First and second class females and male children and were the groups most likely to survive with a 93% chance of surviving

## Part 5:  Comparative Statistics:  Lusitania

In [132]:
lusitania_df_raw['survived'] = lusitania_df_raw['Fate']

#Convert Survived to 0 and 1 for easier calculation.

lusitania_df_raw['survived']=lusitania_df_raw['survived'].str.replace('Saved.+$|Saved','1')
lusitania_df_raw['survived']=lusitania_df_raw['survived'].str.replace('(Lost*)$|Not.+$', '0')
lusitania_df_raw['survived']=lusitania_df_raw['survived'].astype('float')


# Convert ages, dropping non-number values
lusitania_df_raw['Age'].unique()
lusitania_df_raw['age_mod'] = lusitania_df_raw['Age']
lusitania_df_raw['age_mod'] = lusitania_df_raw['age_mod'].str.replace('.+months','1')
lusitania_df_raw['age_mod'] = lusitania_df_raw['age_mod'].str.replace('Infant','1')
lusitania_df_raw['age_mod'] = lusitania_df_raw['age_mod'].str.replace('^(\d\d).+\?*','\\1')
lusitania_df_raw['age_mod'] = lusitania_df_raw['age_mod'].str.replace('^(\d) .+','1')
lusitania_df_raw['age_mod'] = lusitania_df_raw['age_mod'].str.replace('\?','28')
lusitania_df_raw['age_mod'] = lusitania_df_raw['age_mod'].str.replace('(\d)_','\\1')

lusitania_df_raw['age_mod'].unique()
lusitania_df_raw['age_mod'] = lusitania_df_raw['age_mod'].astype('float')
lusitania_df_raw['age_mod'].fillna(32,inplace=True)
lusitania_df_raw['age_bins'] = pd.cut(lusitania_df_raw['age_mod'],bins = [0,15,30,45,80])

#### Are there any groups that were especially adversely affected in the Titanic wreck? (justify your response numerically)

Using the Chi^2 test, sex is not a significant factor. The survival for both sexes is about 38%.

Comparing Sex, age, and passenger class, there is no signicficant difference for survival rates for any group.

In [149]:
#chi_reporting(lusitania_df_raw,'survived',['age_bins'])

sp.chi2_contingency(pd.crosstab(lusitania_df_raw['survived'],lusitania_df_raw['Sex']))
sp.chi2_contingency(pd.crosstab(lusitania_df_raw['survived'],lusitania_df_raw['age_bins']))
pd.crosstab(lusitania_df_raw['survived'],lusitania_df_raw['Sex'],margins=True)
pd.crosstab(lusitania_df_raw['survived'],lusitania_df_raw['Department/Class'],margins=True)

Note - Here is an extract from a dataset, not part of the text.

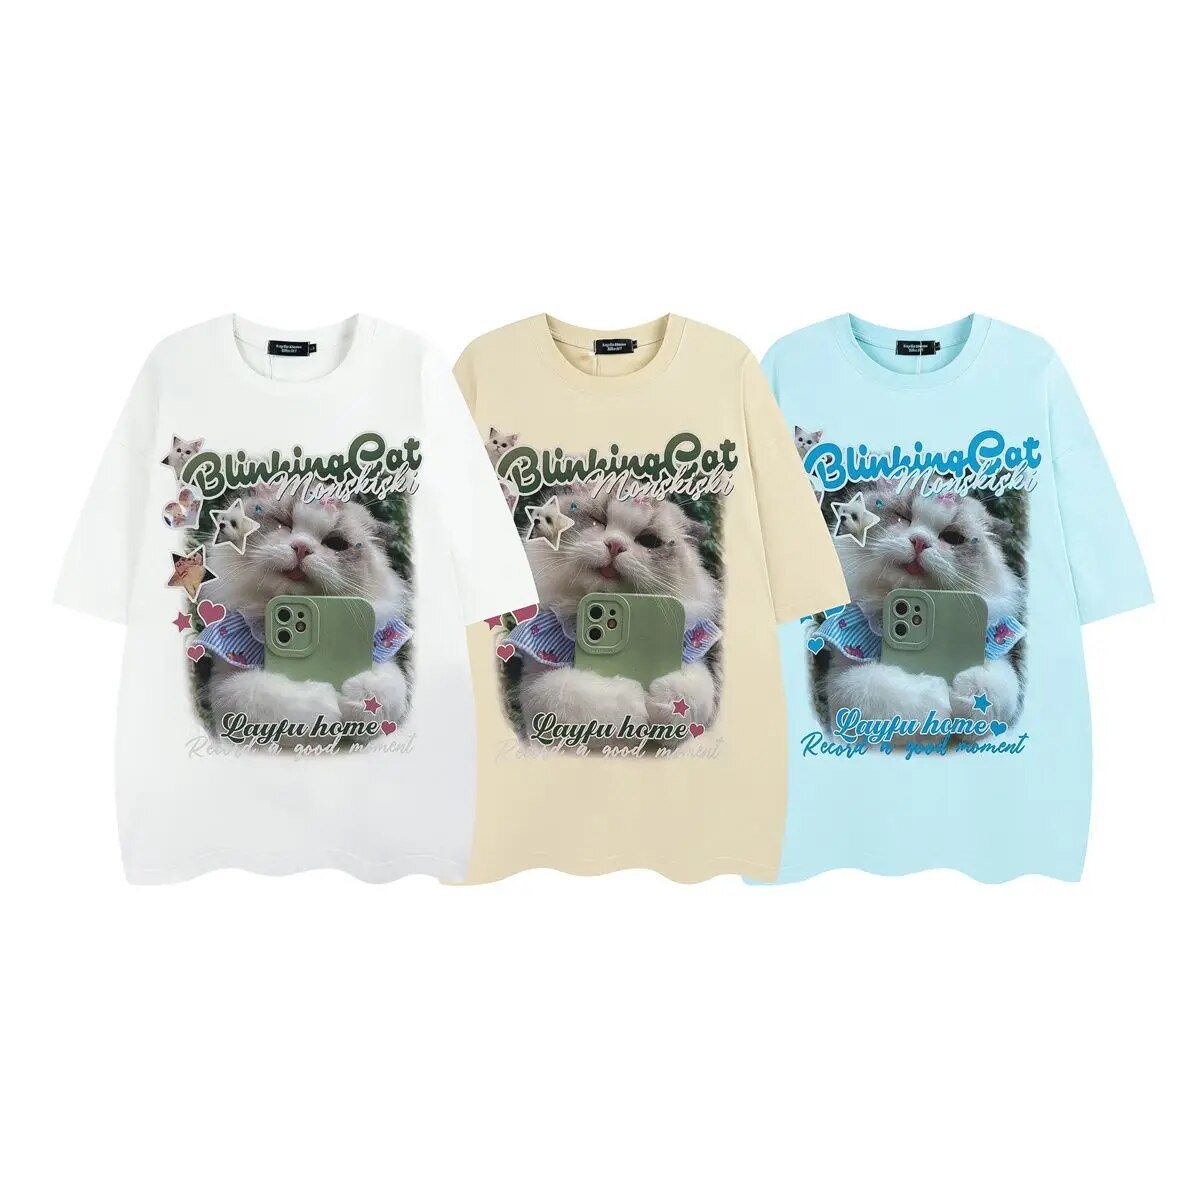 Nostalgic Y2K design t-shirt in white, blue, and apricot

Department/Class,Band,Deck,Engineering,Saloon,Second,Stowaway,Third,Third (Distressed British Seaman),Victualling,All
survived,Unnamed: 1_level_1,Unnamed: 2_level_1,Unnamed: 3_level_1,Unnamed: 4_level_1,Unnamed: 5_level_1,Unnamed: 6_level_1,Unnamed: 7_level_1,Unnamed: 8_level_1,Unnamed: 9_level_1,Unnamed: 10_level_1
0.0,2,32,201,178,372,3,236,3,167,1194
1.0,3,37,112,113,229,0,134,0,139,767
All,5,69,313,291,601,3,370,3,306,1961


#### Are there any groups that outperformed the survival of the latter group? (justify your response numerically)



No.  The average survival rate for all considered groups is about 38%

#### What does the group-wise survival rate imply about circumstances during these two accidents?

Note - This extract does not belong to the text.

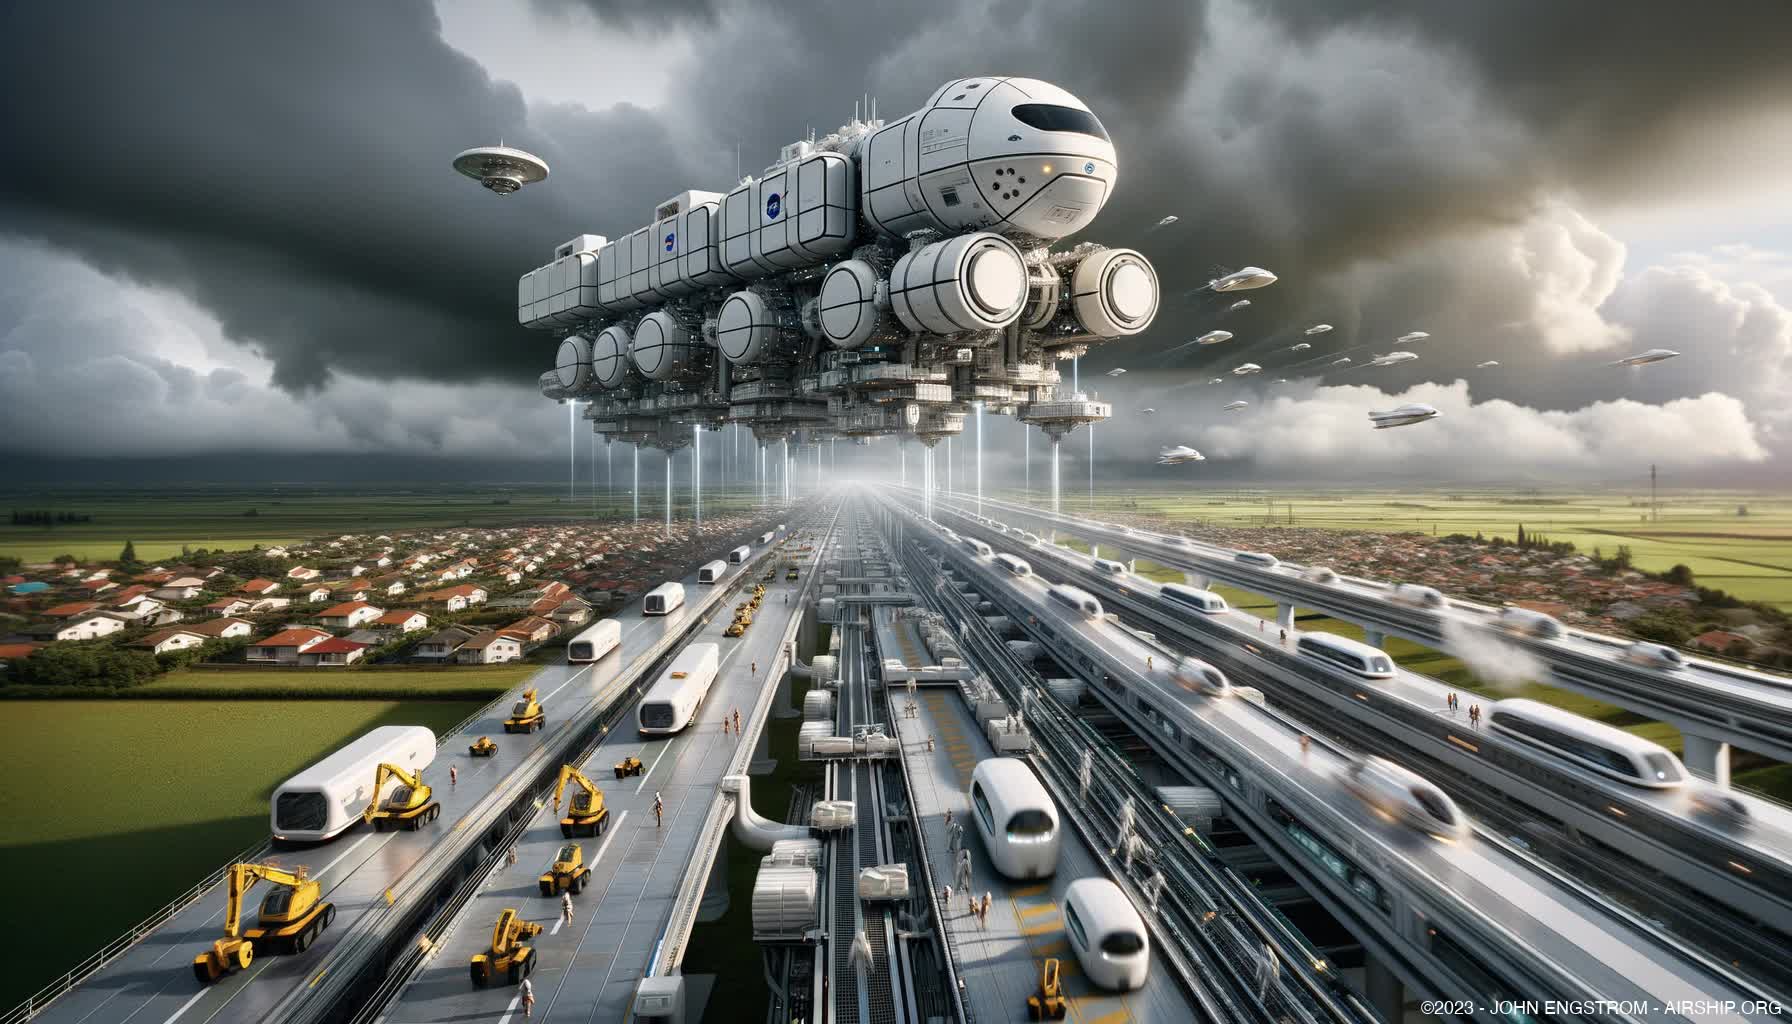 Airship-Assembled-Linear-Cities-127

For the Lusitania, one factor significantly changed the evacuation of the ship.  Primarily, since the Lusitania was sunk by a torpedo attack, the Lusitania sank much faster than the Titanic.  The rapid sinking led to rapid launching of the lifeboats with any persons hat could board the boat.  The protocol of women and children first was abandoned for filling the lifeboats as quickly as possible.  Only, 6 of the 48 lifeboasts were launched indicating the rapid, but incomplete, evacuation of the ship.